## INFORMATION SHOWN
▼▼▼

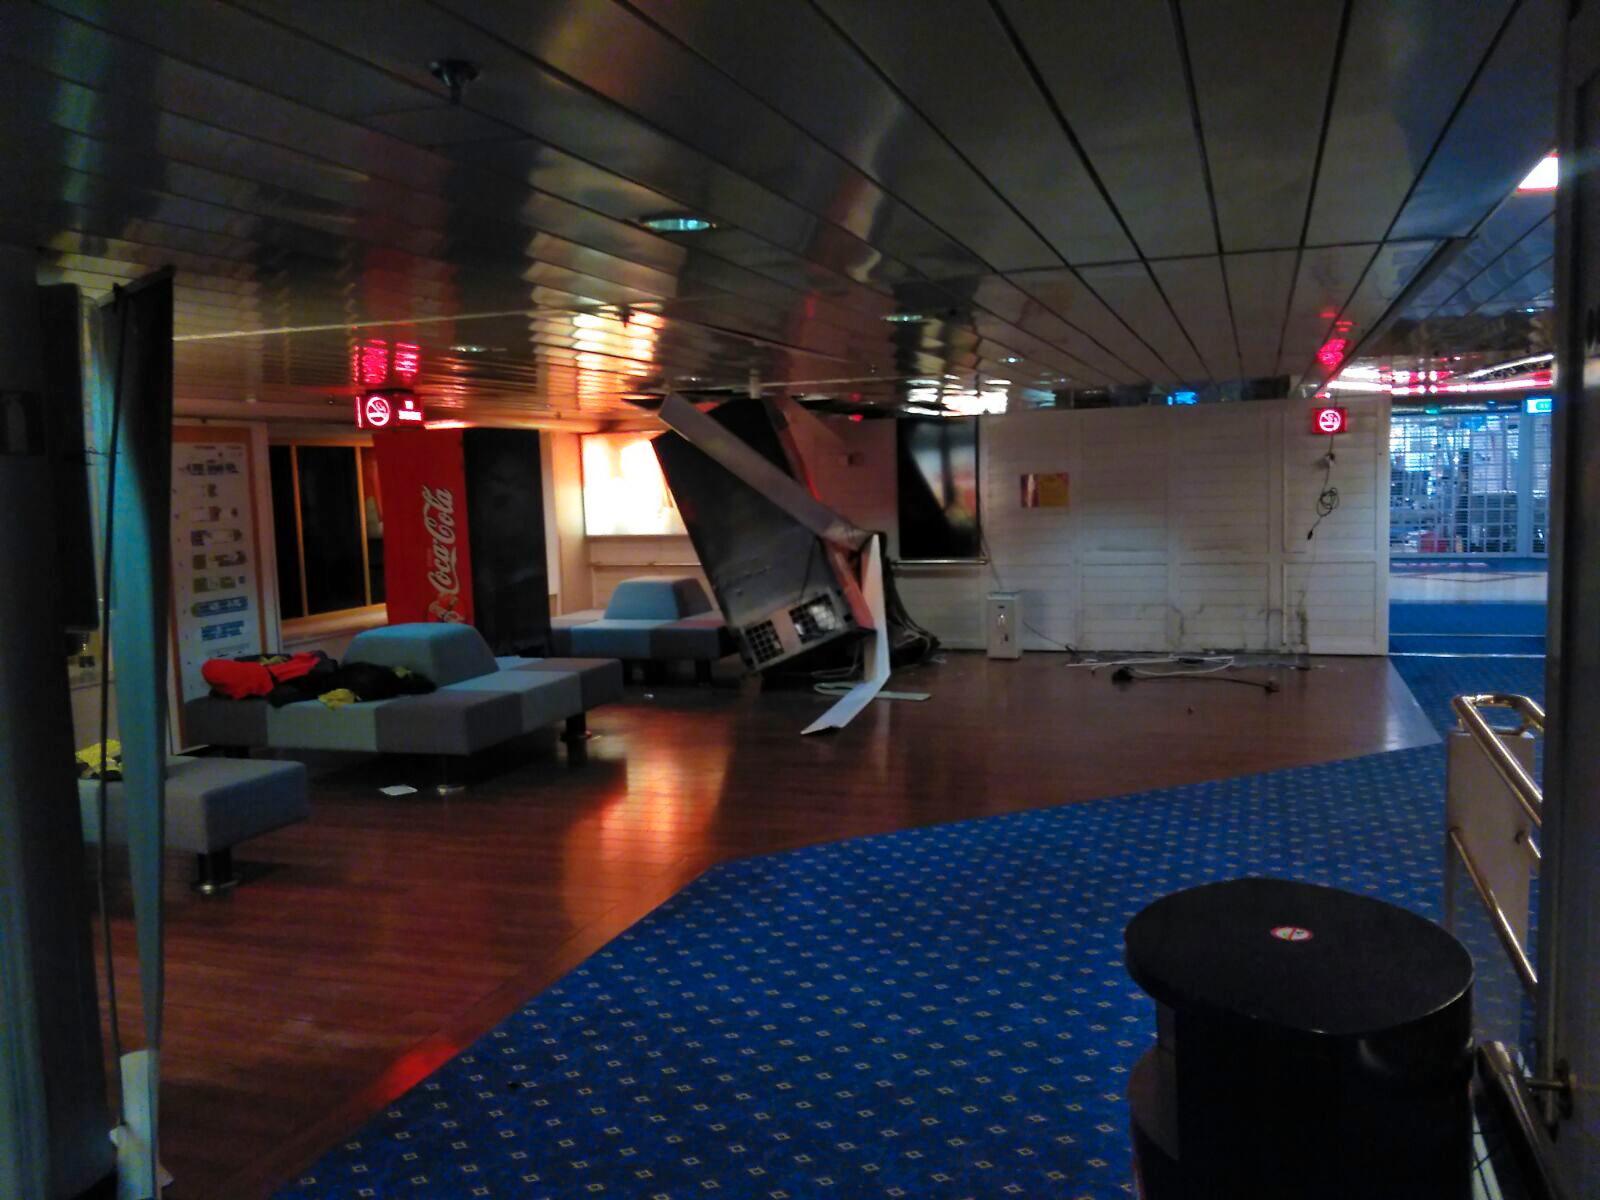 En av radarantennerna på Tallinks passagerarfartyg Romantika skadades i den hårda vinden. Antennen flög iväg och orsakade skador på ett fönster som leder till den så kallade Tangobaren.
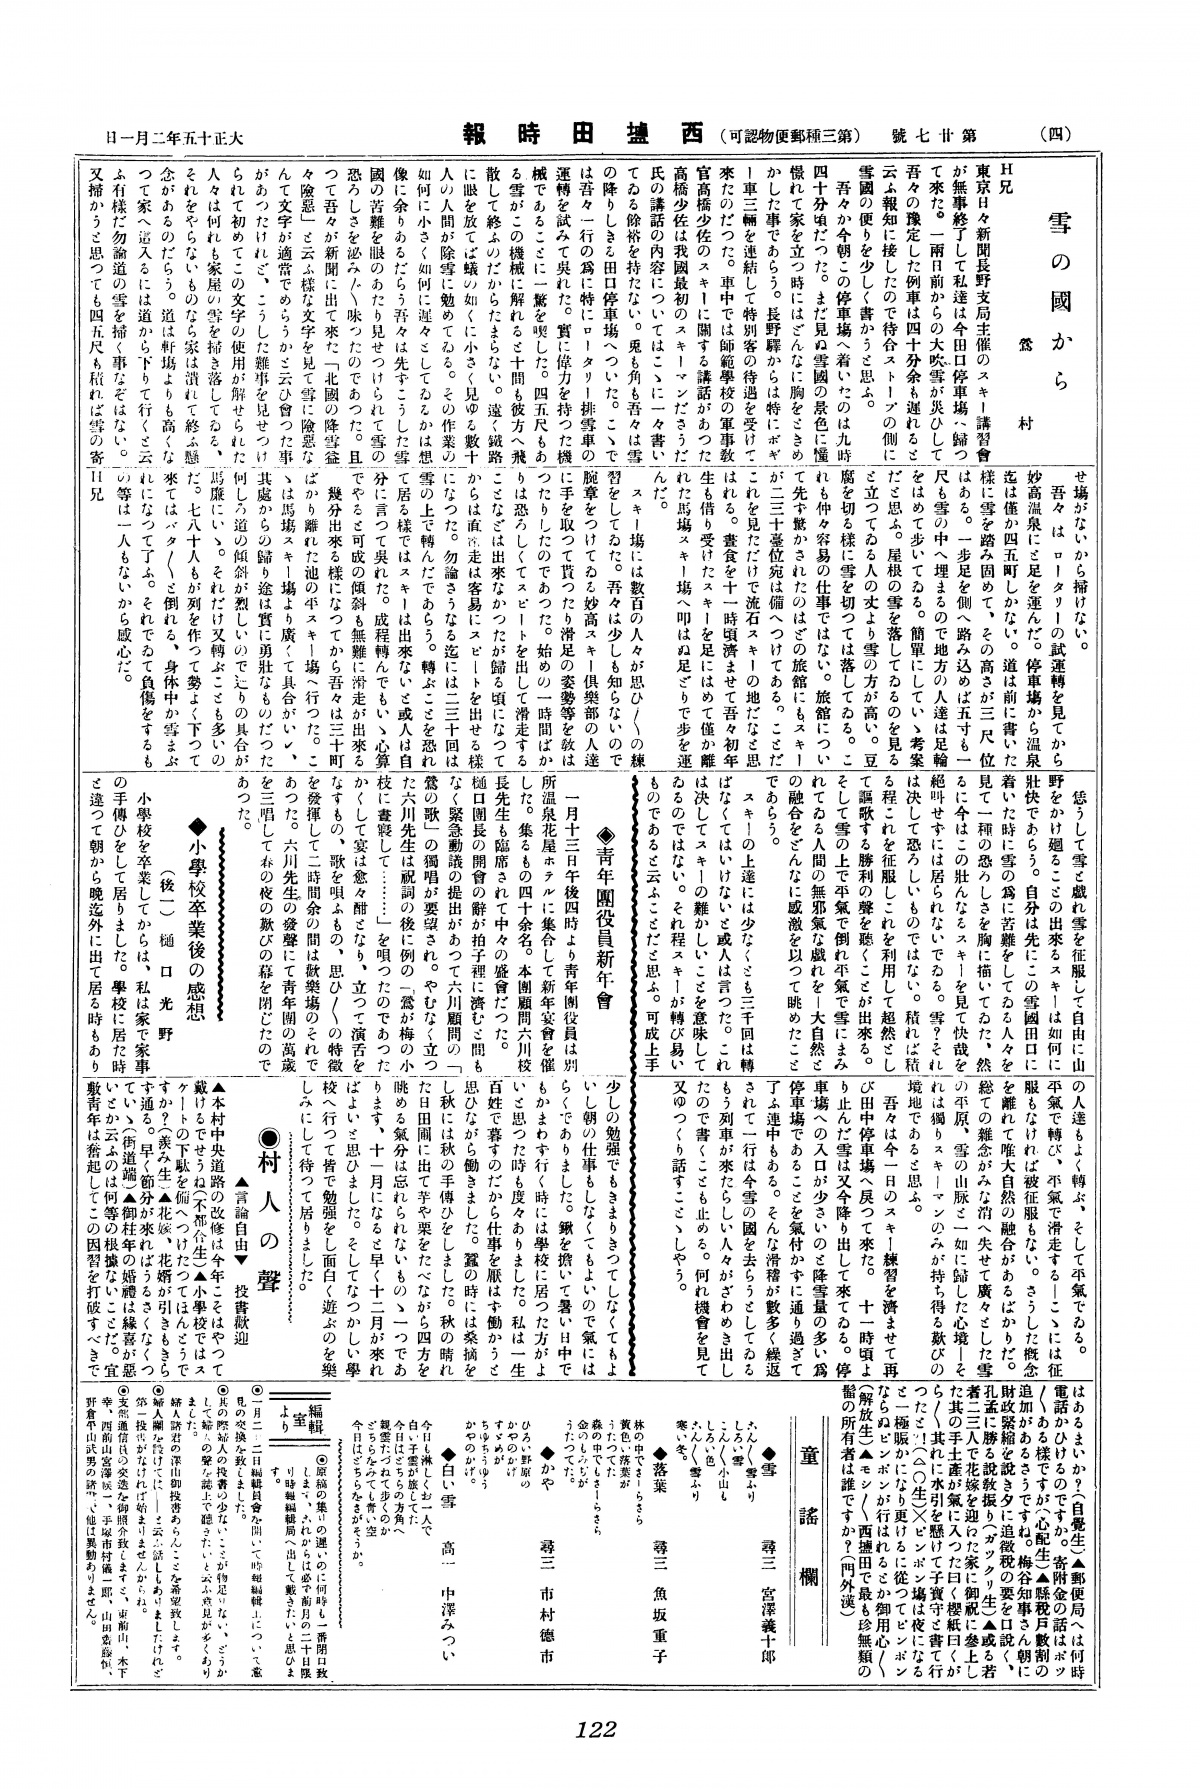 雪國 (『西塩田時報』第27号(1926年2月1日)4頁)
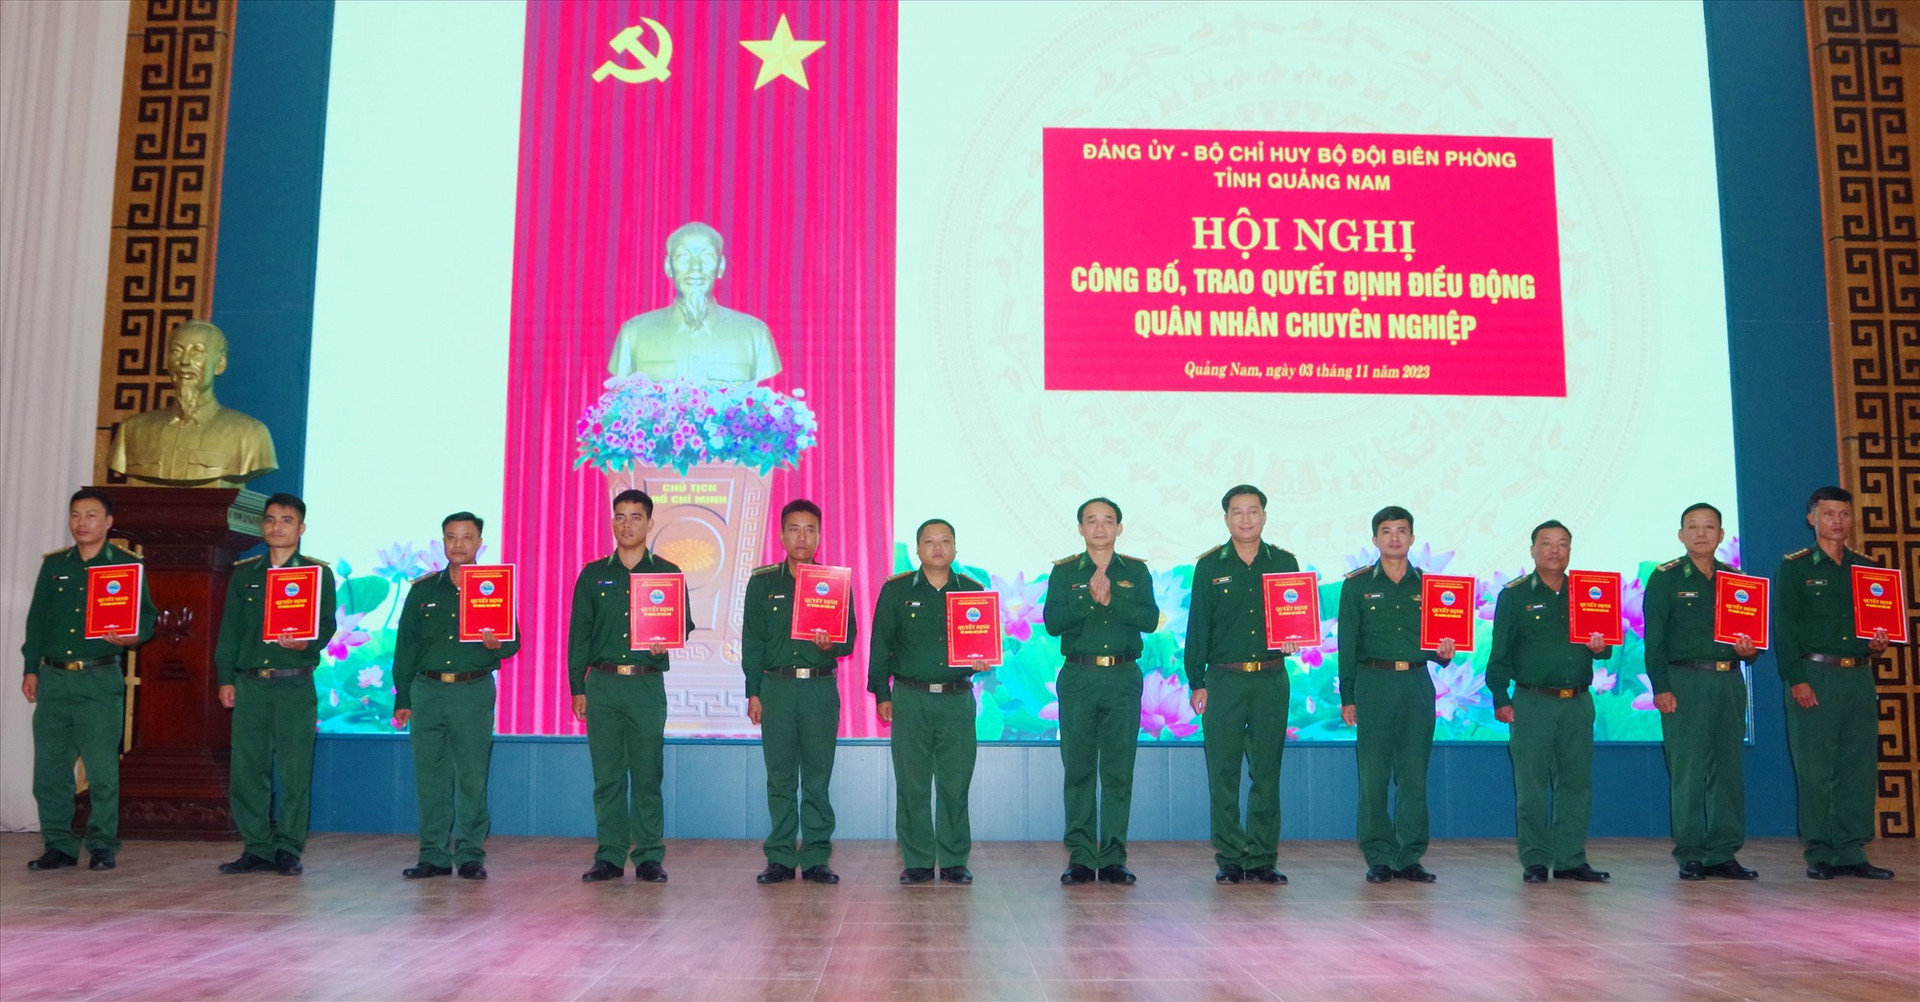 Đại tá Phan Văn Thí - Phó Chỉ huy trưởng, Tham Mưu trưởng BĐBP tỉnh trao quyết định điều động quân nhân chuyên nghiệp. Ảnh: HỒNG ANH
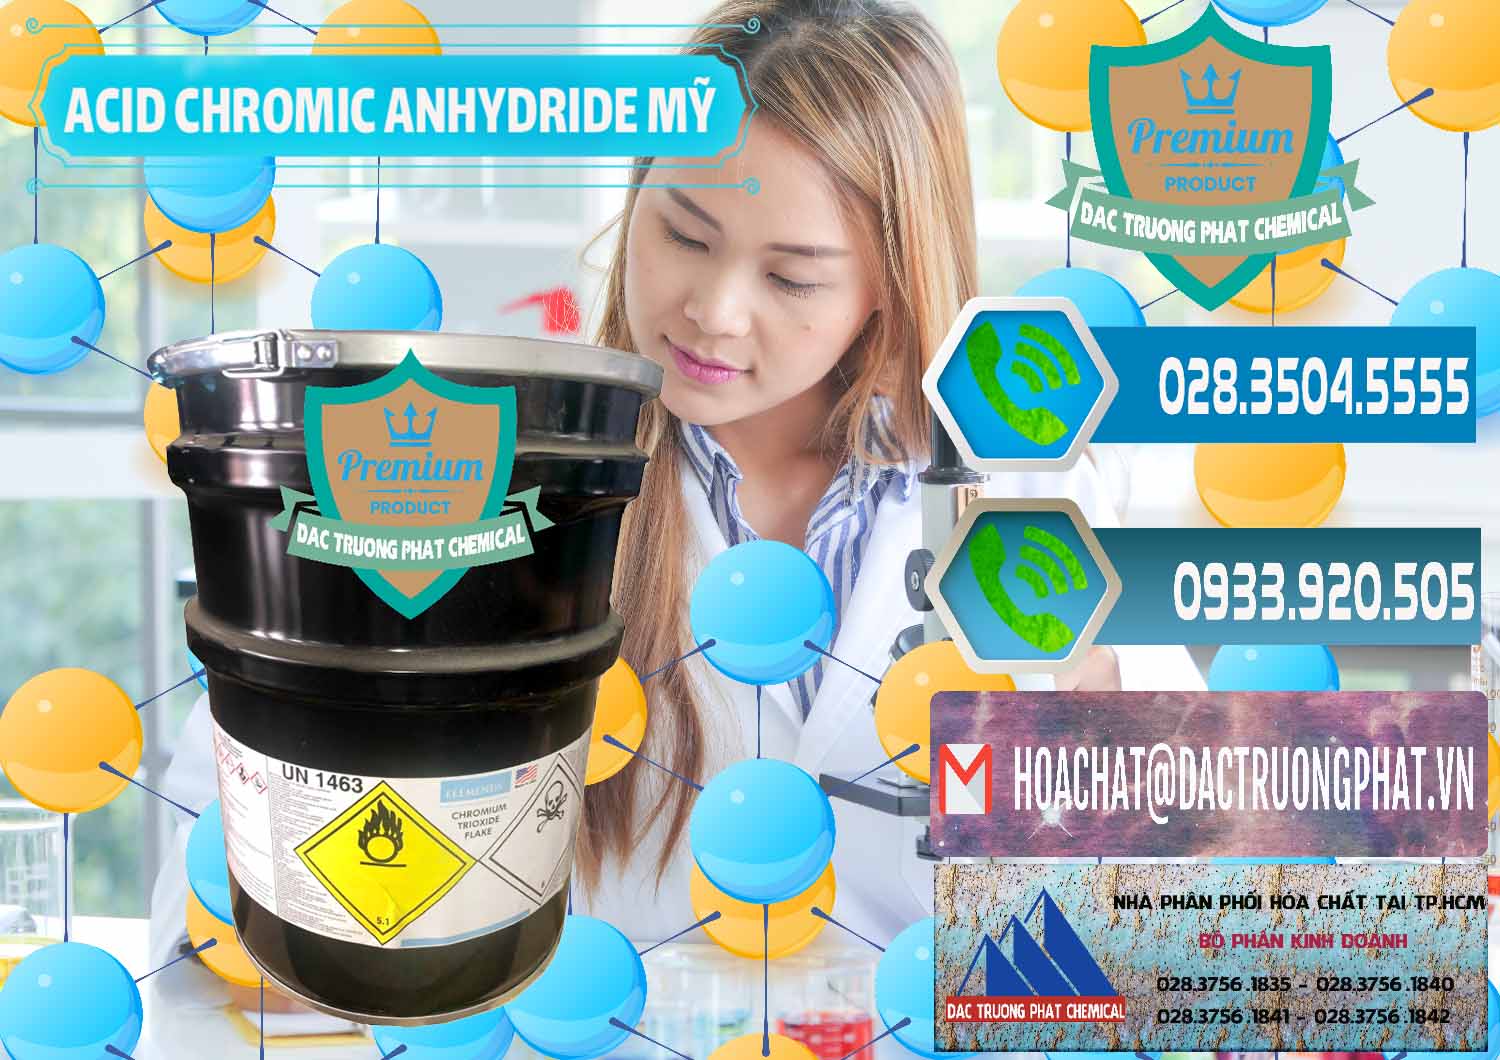 Công ty chuyên bán _ phân phối Acid Chromic Anhydride - Cromic CRO3 USA Mỹ - 0364 - Công ty chuyên bán - cung cấp hóa chất tại TP.HCM - congtyhoachat.net

▲▲▲

## ASSIGNED TASK
Any picture in the listing above gets left out; output the rest exactly.

## FINISHED EXERCISE
 En av radarantennerna på Tallinks passagerarfartyg Romantika skadades i den hårda vinden. Antennen flög iväg och orsakade skador på ett fönster som leder till den så kallade Tangobaren.
 雪國 (『西塩田時報』第27号(1926年2月1日)4頁)
 Đại tá Phan Văn Thí - Phó Chỉ huy trưởng, Tham Mưu trưởng BĐBP tỉnh trao quyết định điều động quân nhân chuyên nghiệp. Ảnh: HỒNG ANH
 Công ty chuyên bán _ phân phối Acid Chromic Anhydride - Cromic CRO3 USA Mỹ - 0364 - Công ty chuyên bán - cung cấp hóa chất tại TP.HCM - congtyhoachat.net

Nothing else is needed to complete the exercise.